Records for the task -

Content starts

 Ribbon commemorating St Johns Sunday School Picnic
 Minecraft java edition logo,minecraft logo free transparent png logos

Content ends
Content starts

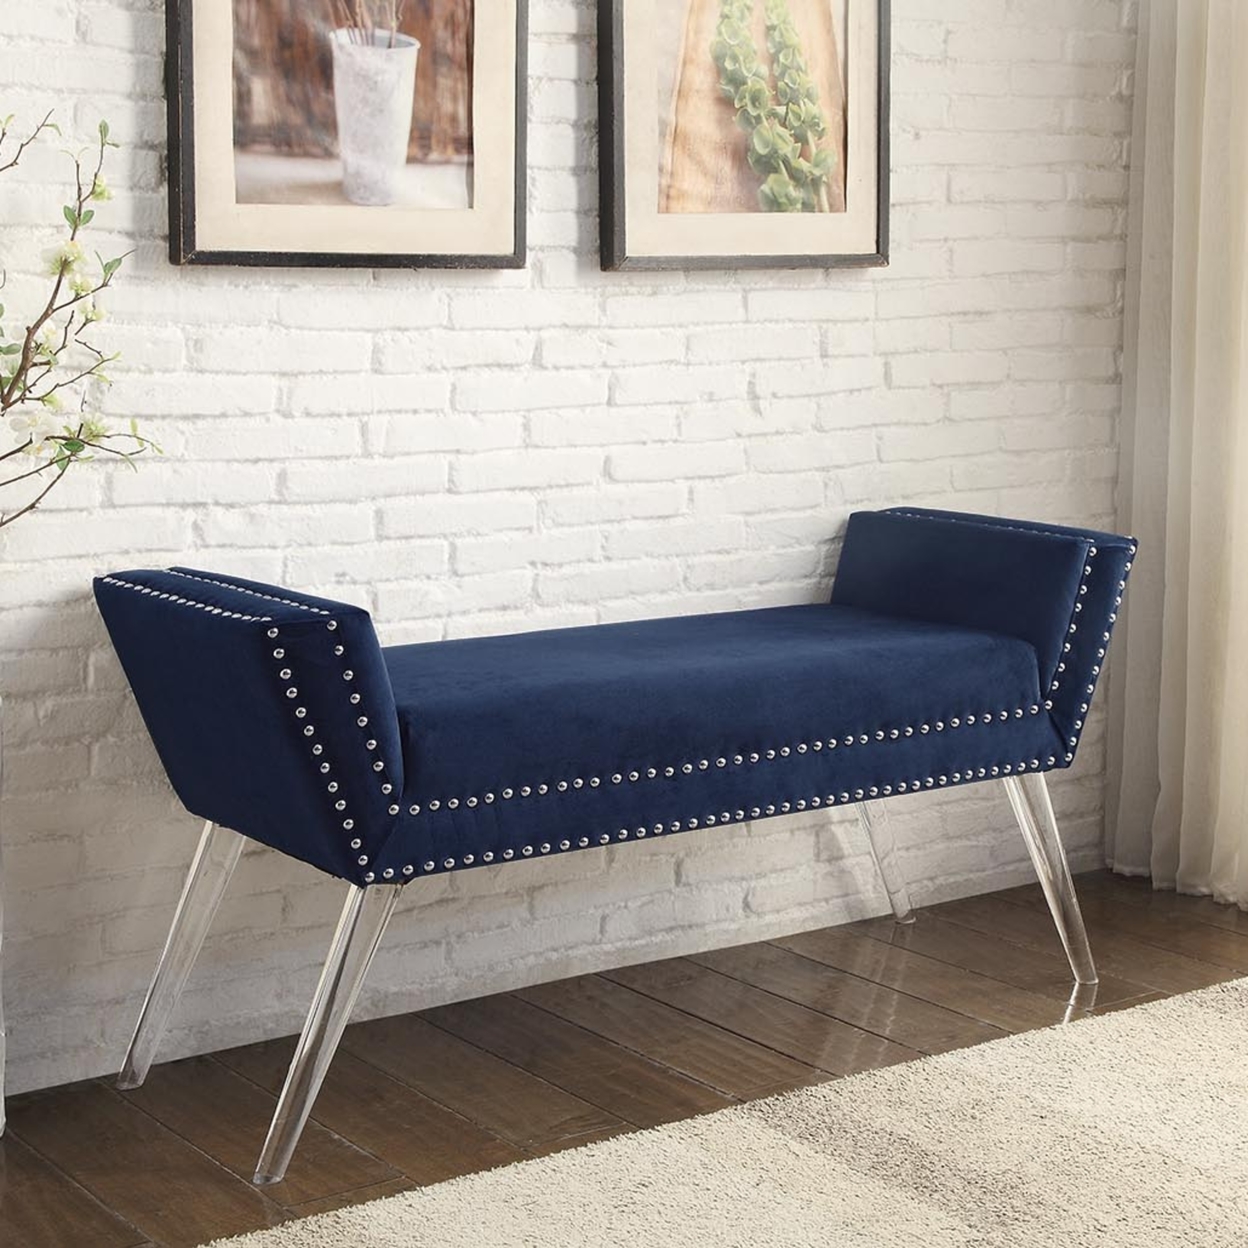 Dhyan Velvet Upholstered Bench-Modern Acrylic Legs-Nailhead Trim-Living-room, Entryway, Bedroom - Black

Content ends
Content starts

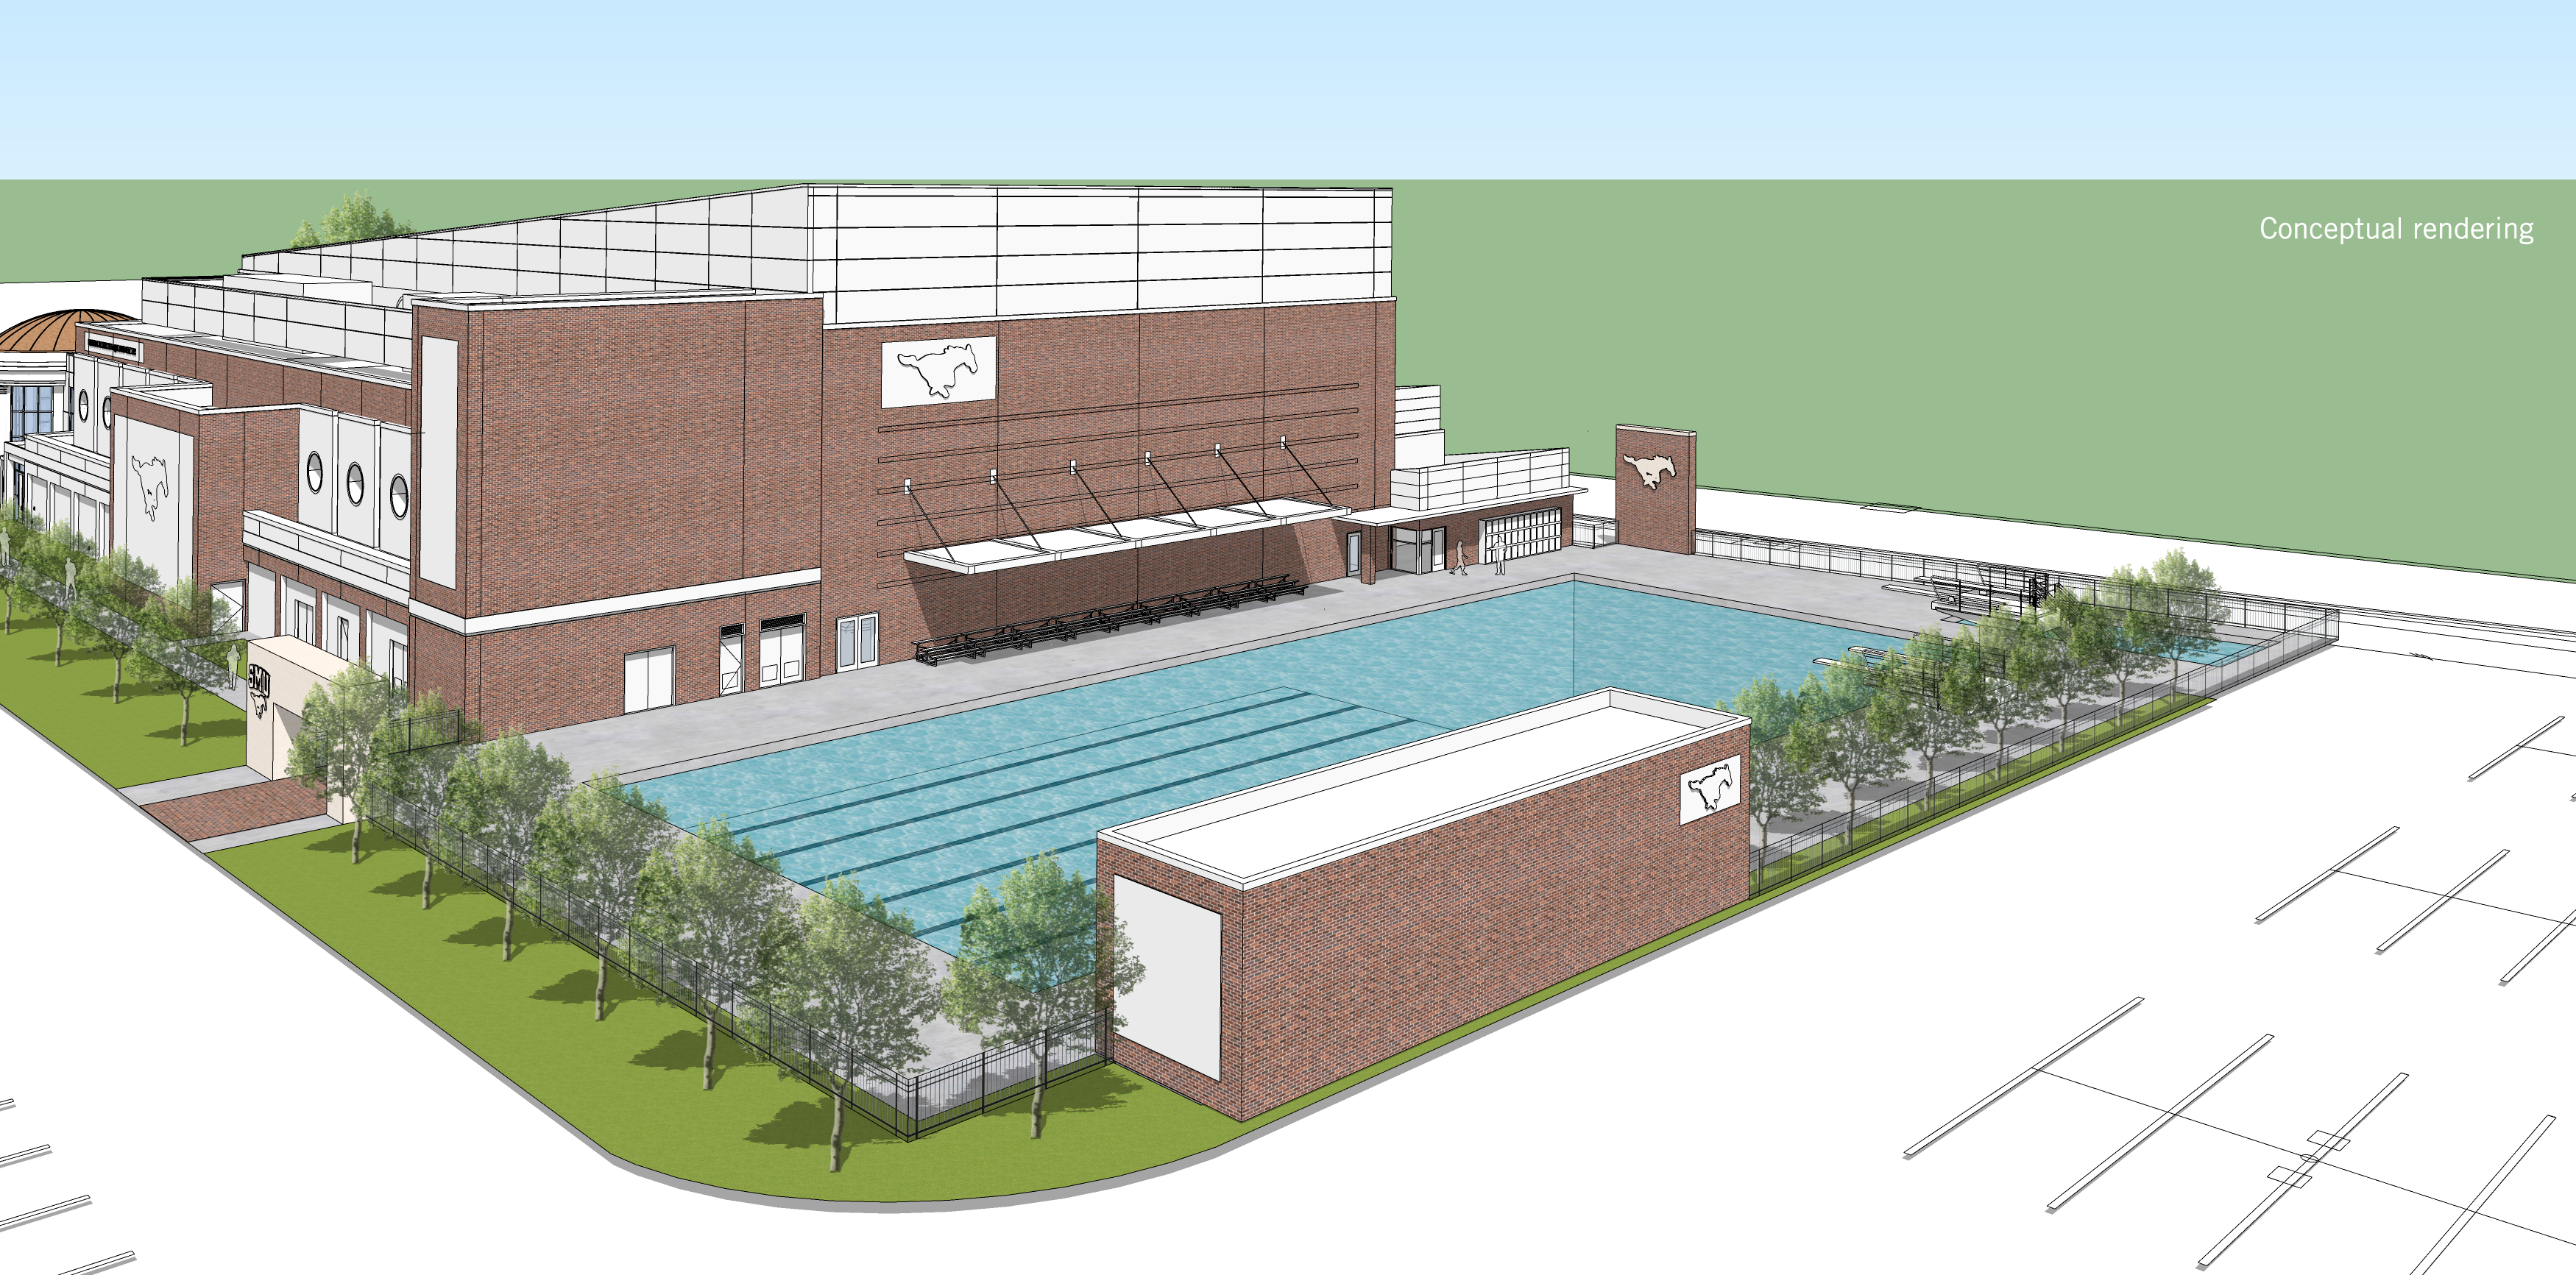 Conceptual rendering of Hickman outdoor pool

Content ends

Task prompt - Starting at the line that contains "Ribbon commemorating St" and stopping after the line that contains "Minecraft java edition", write out every line exactly as it appears above, and no other line.

Answer for the task -
 Ribbon commemorating St Johns Sunday School Picnic
 Minecraft java edition logo,minecraft logo free transparent png logos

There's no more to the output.